The best hope for the party is that a potentially unifying figure (such as John Howard’s former chief of staff Arthur Sinodinos) can emerge as a consensus candidate and sweep the field. In his absence it may well be a moshpit, and one that takes place in Turnbull’s backyard.
Whatever happens, the events of yesterday confirm that when you’re luck is running against you in politics, the smallest glimmers of hope are generally blown away by a whopping great storm cloud.
As was the case earlier in the year, when the smile on Malcolm Turnbull’s face over Peter Costello’s retirement was wiped away by a fellow called Godwin Grech, the Opposition Leader would have been feeling uncharacteristically chipper yesterday when Newspoll found that he still has a pulse after all. It was hardly a scorching comeback – his satisfaction rating rose four points to 30, his dissatisfaction fell one point to 56 – but when you’re going as badly as he is you take what you can.
But the warm afterglow lasted about three seconds courtesy of Nelson. And it’s hard not to conclude that Nelson – whatever he says about the urgent timing of his private sector job opportunity – knew that it would also come with the happy bonus of letting him skewer the man who shafted him.
So where does it leave Turnbull?
In short, it’s underscored the widely-held public belief that the Libs are indeed an unelectable rabble.
The problem with stories like this for politicians isn’t that the public devours them. On the contrary. They absorb just enough of them to draw a steadfast conclusion which is hard to reverse – such as “gee, what a shambles that lot are” – then shake their heads and move on to reading something more interesting.
After the low-rent vaudeville from the nuttier elements of the Coalition over the ETS in the final fortnight of Parliament, the distractions of Tony Abbott’s book, the Andrew Robb speculation, the well-sourced story over Malcolm Turnbull’s expansive flirtations with the ALP, the conservatives do not currently look like an alternative government.
They look like some kind of broadly-based conservative think tank, where on any given day one of their number might advocate a policy, go forth with an idea, not because the party believes in it, just because it seemed like something interesting to say at the time.

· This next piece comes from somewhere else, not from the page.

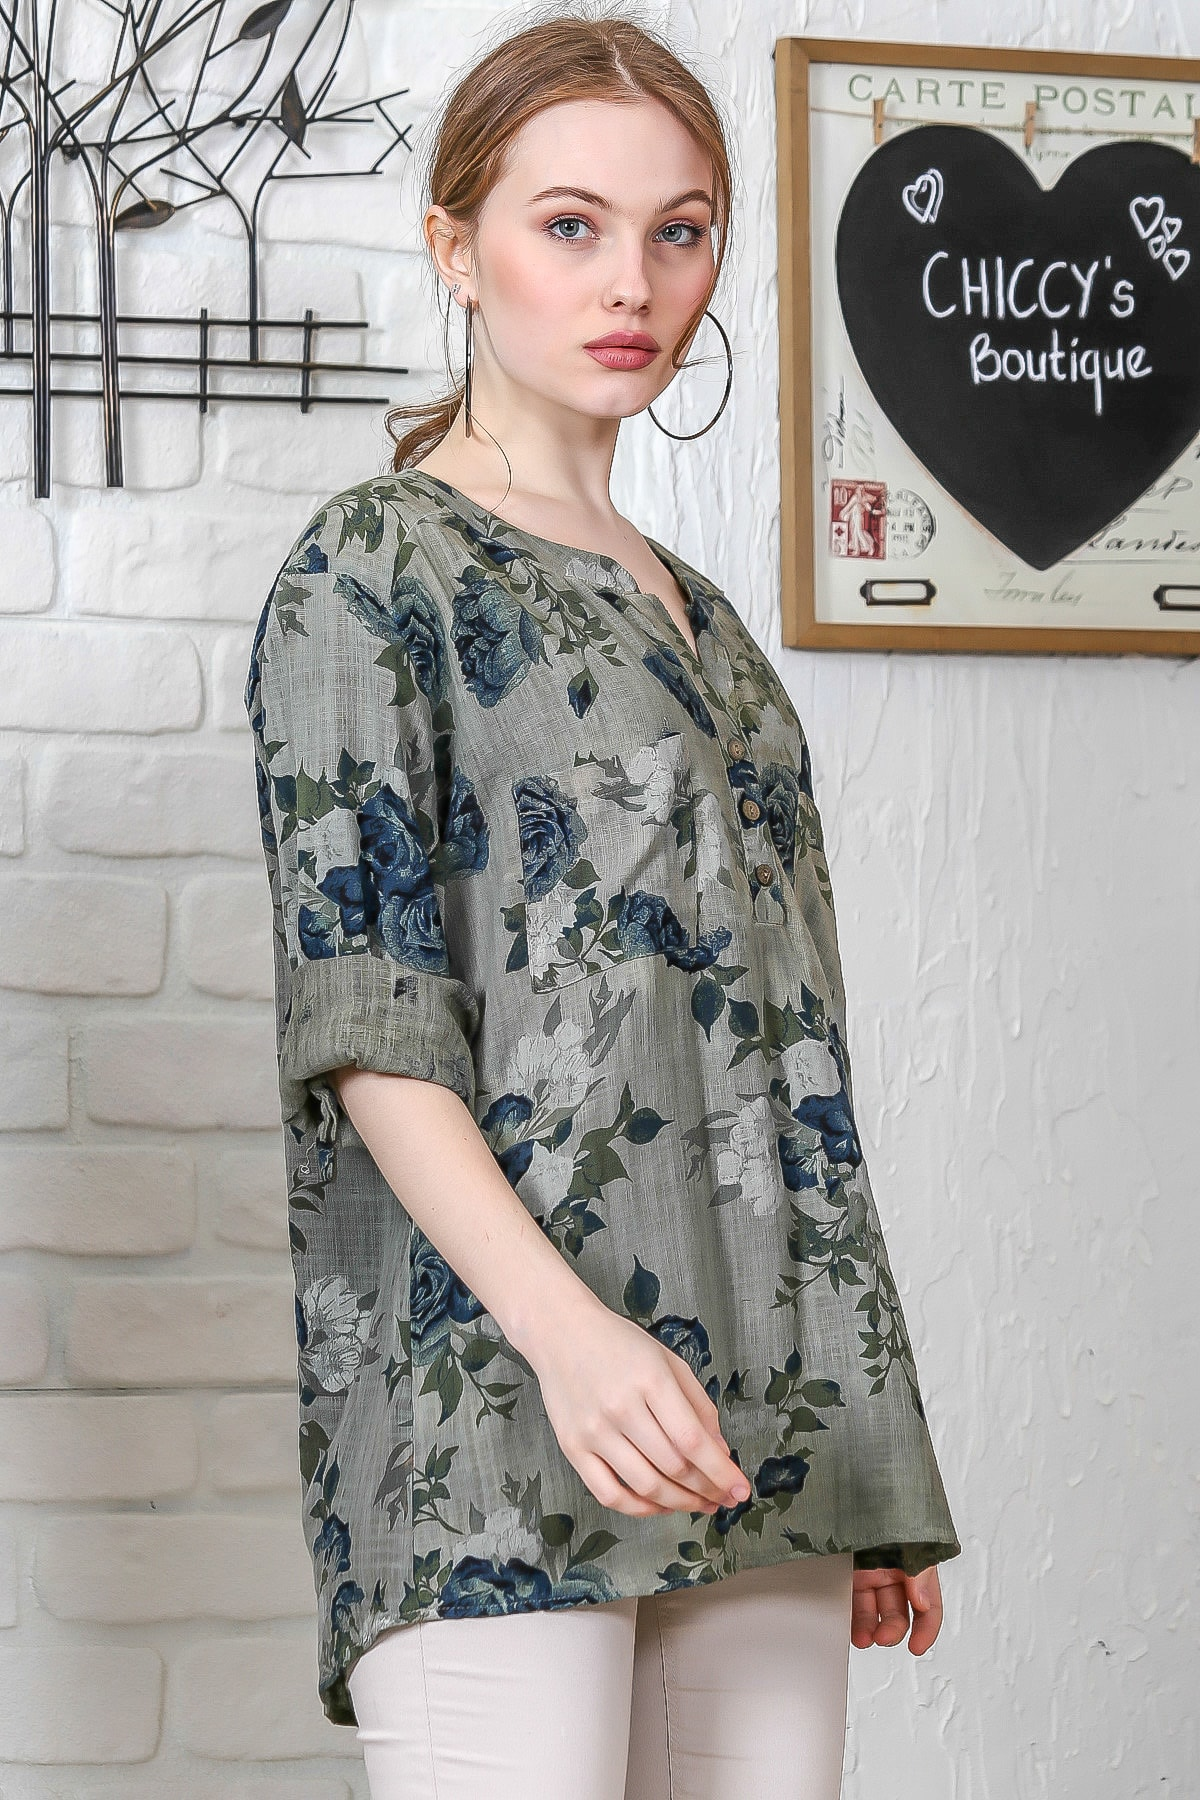 Chiccy Kadın Haki Sıfır Yaka Patı Düğme Detaylı Çiçek Desenli Salaş Gömlek M10010200BL95486 2

There’s no authority, there’s no discipline, there’s no sense of camaraderie or unity. There’s no direction. And as Brendan Nelson showed yesterday there’s no respect either, not for Malcolm Turnbull, nor for the mug voters who will foot the bill so that Dr Nelson can sashay off into the political sunset with a big bucket of super, and leave the public with the bill for this indefensible by-election.